Les différent arrêts apportent des précisions sur les situations dans lesquelles il y a abus de droits :
- Sur la notion de réinvestissement économique
Le Conseil d’Etat écarte les investissements purement patrimoniaux (placement en valeur mobilières, inscriptions en comptes courants d’actionnaires). Mais il ne s’est pas prononcé sur la possibilité d’exercer une activité de capital-développement consistant en la prise de participations minoritaires dans des sociétés non cotées. La prudence demeure aussi de mise pour les opérations immobilières (location en meublés, marchand de biens).
- Sur la proportion à réinvestir
Le Conseil d’Etat évoque « une part significative » du produit de cession et a ainsi rejeté une réinvestissement de 15 % du produit de la cession. Le CAD considère pour sa part qu’un quantum de 40 % est satisfaisant.
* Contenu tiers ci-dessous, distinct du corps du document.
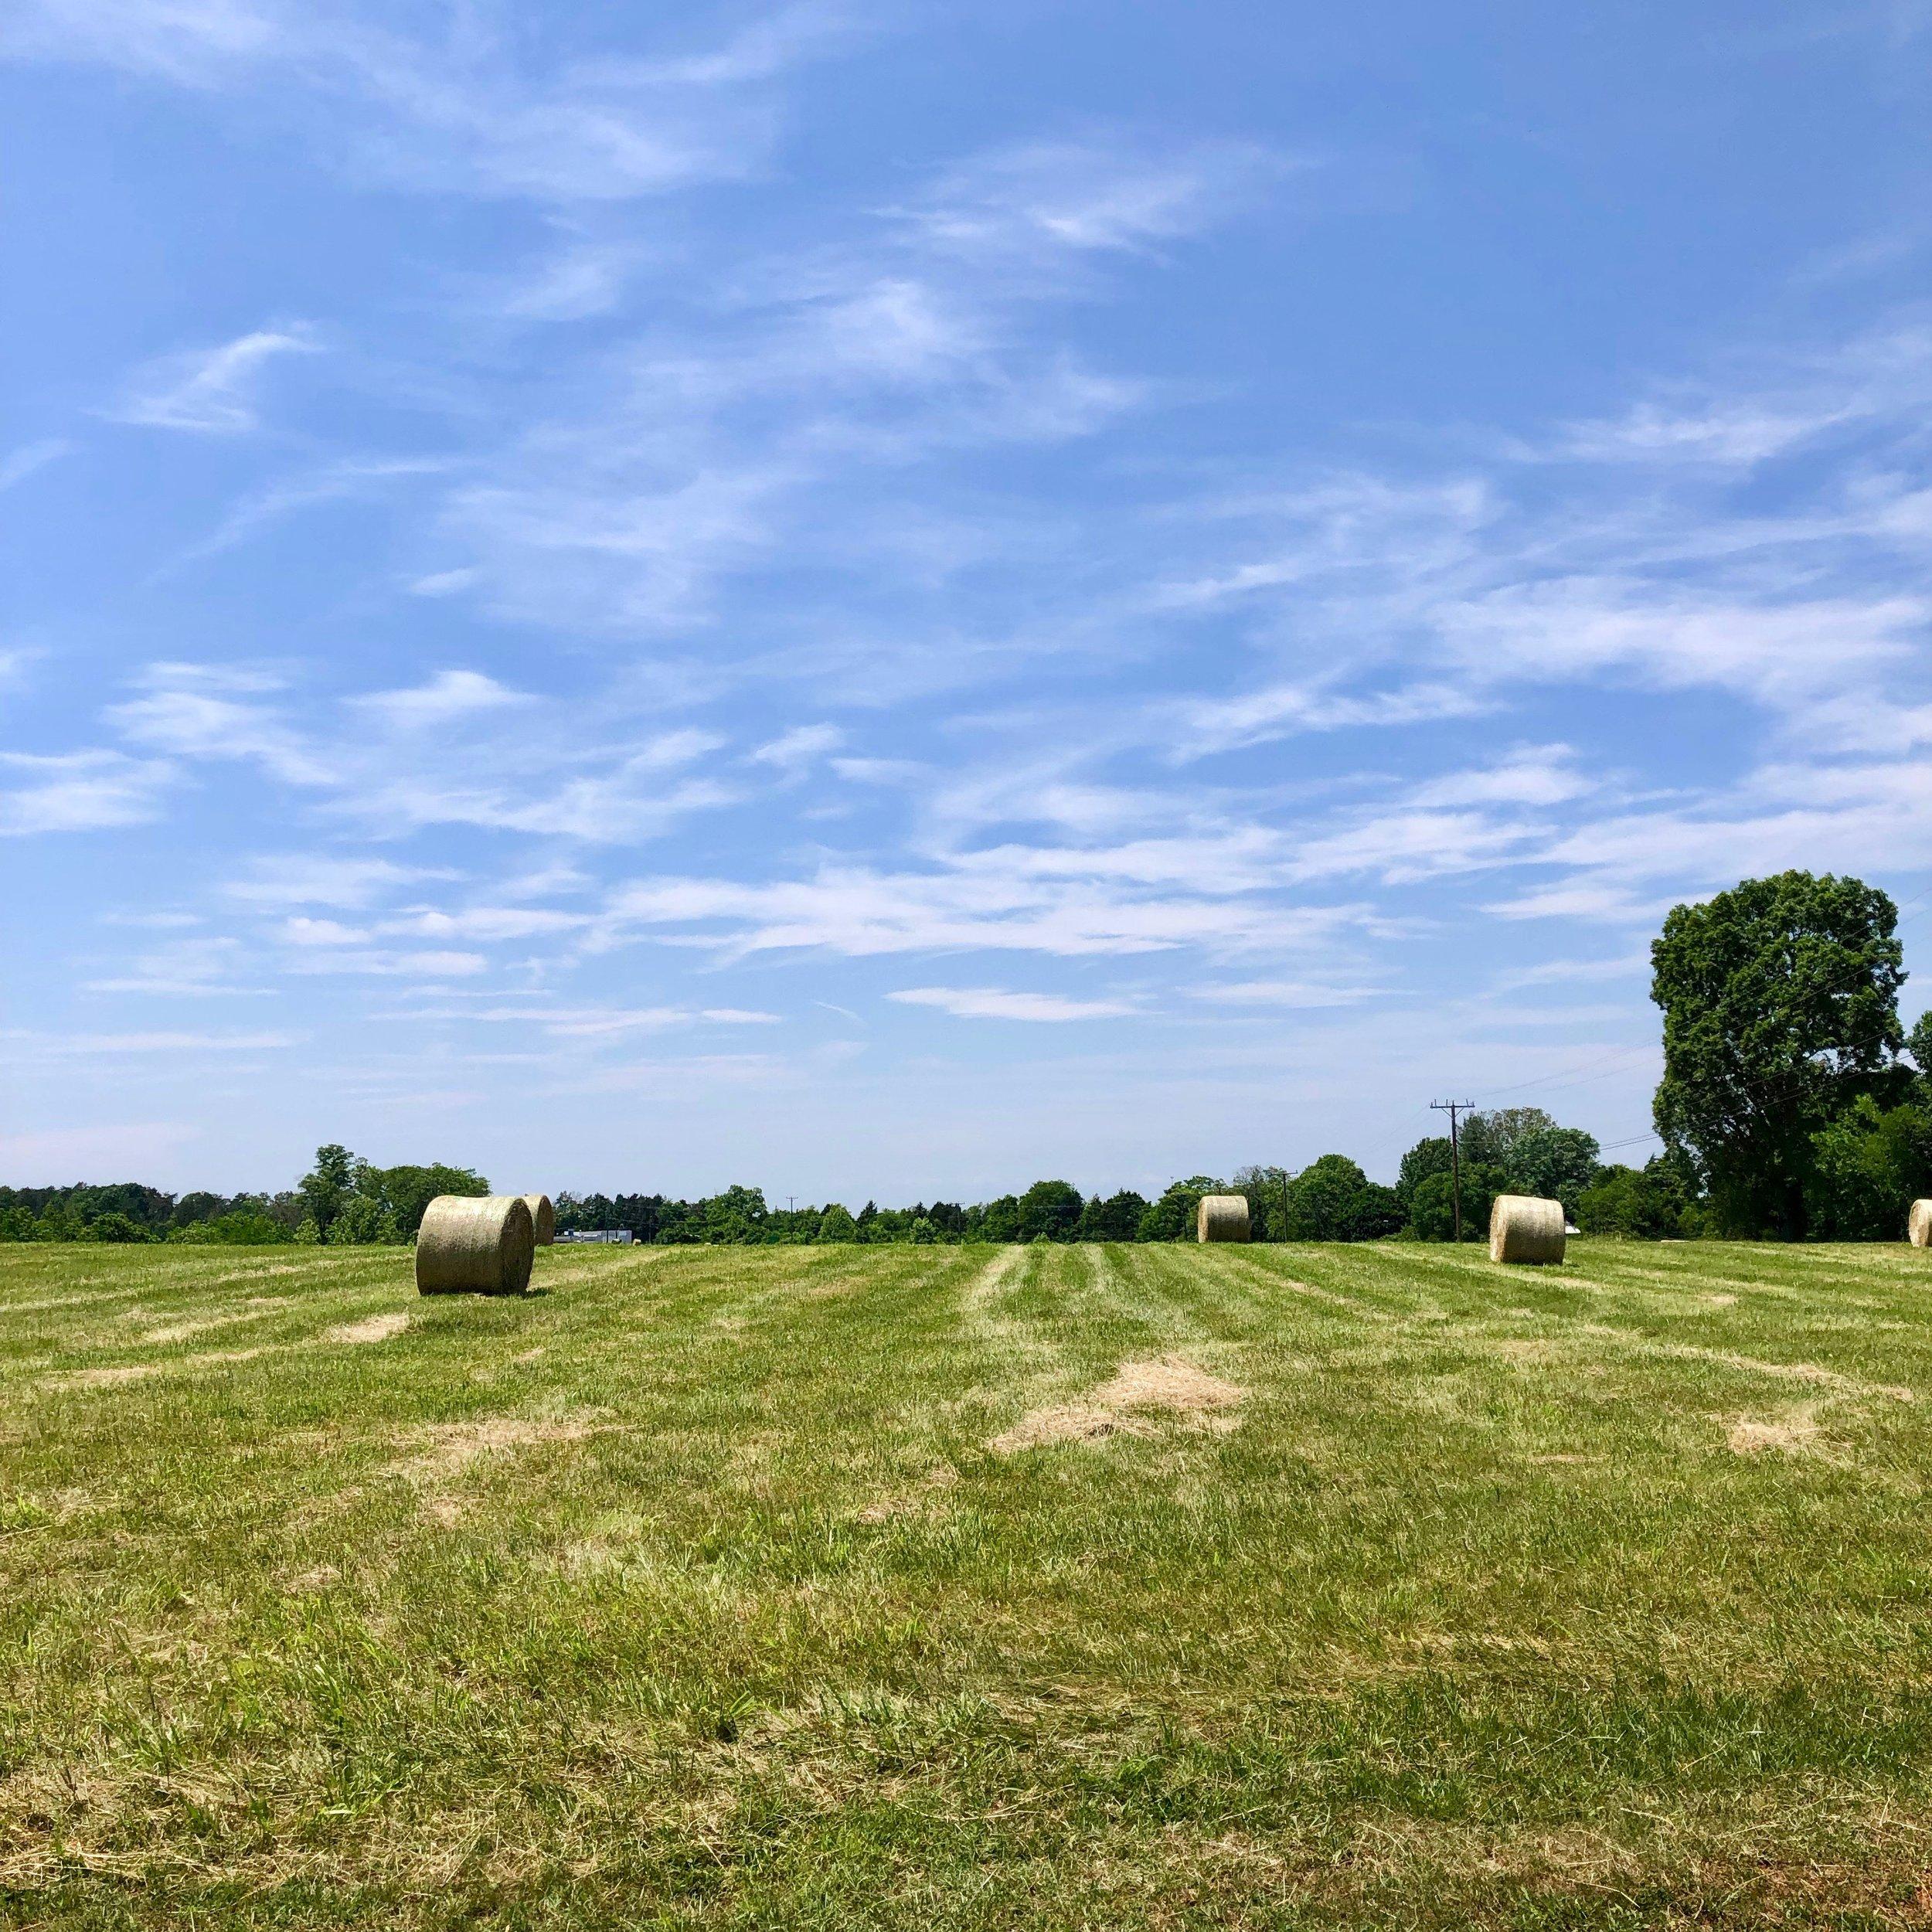 Glimsen-farm-hay3.jpeg

- Sur le délai de réinvestissement
Le Conseil d’Etat admet que le réemploi n’intervienne pas immédiat dans la mesure où la société justifie de l’accomplissement de démarches actives, dûment documentées. Ainsi, il a accepté un réinvestissement à l’issue d’un délai de 3 années.
Abus de droit et régime automatique de sursis
La plupart des arrêts ayant été rendus dans le cadre du report optionnel antérieur au 1er janvier 2000, une question restait en suspens : le caractère désormais automatique du sursis d’imposition applicable depuis 2000 permet-il d’écarter l’abus de droit, en l’absence de choix du contribuable ? Jusqu’à son revirement de février 2012, le CAD considérait qu’un schéma d’apport-cession dans le nouveau régime du sursis ne pouvait pas être abusif, au motif que ce régime ne donnait pas lieu à une option, contrairement à l’ancien dispositif du report. En outre, dans un décision du 27 juillet 2012, le Conseil d’Etat a suivi l’avis du CAD et transpose ses critères antérieurs au nouveau régime du sursis de plein droit.
Conclusion
Avec le durcissement de l’imposition des plus-values prévu par la Loi de finances pour 2013, les opérations d’apport-cession risquaient de se multiplier, malgré les risques encourus. Cependant, l’incertitude contentieuse qui entoure la procédure de répression des abus de droit, sa longueur, et la difficulté de mise en oeuvre pour l’administration ont convaincu le Gouvernement de définir un nouveau régime légal de report d’imposition, en lieu et place du sursis. Ce dispositif, qui vise aussi à sécuriser les investisseurs, transpose dans la 3° loi de finances rectificatives pour 2012 certains critères retenus par la jurisprudence pour caractériser les opérations abusives.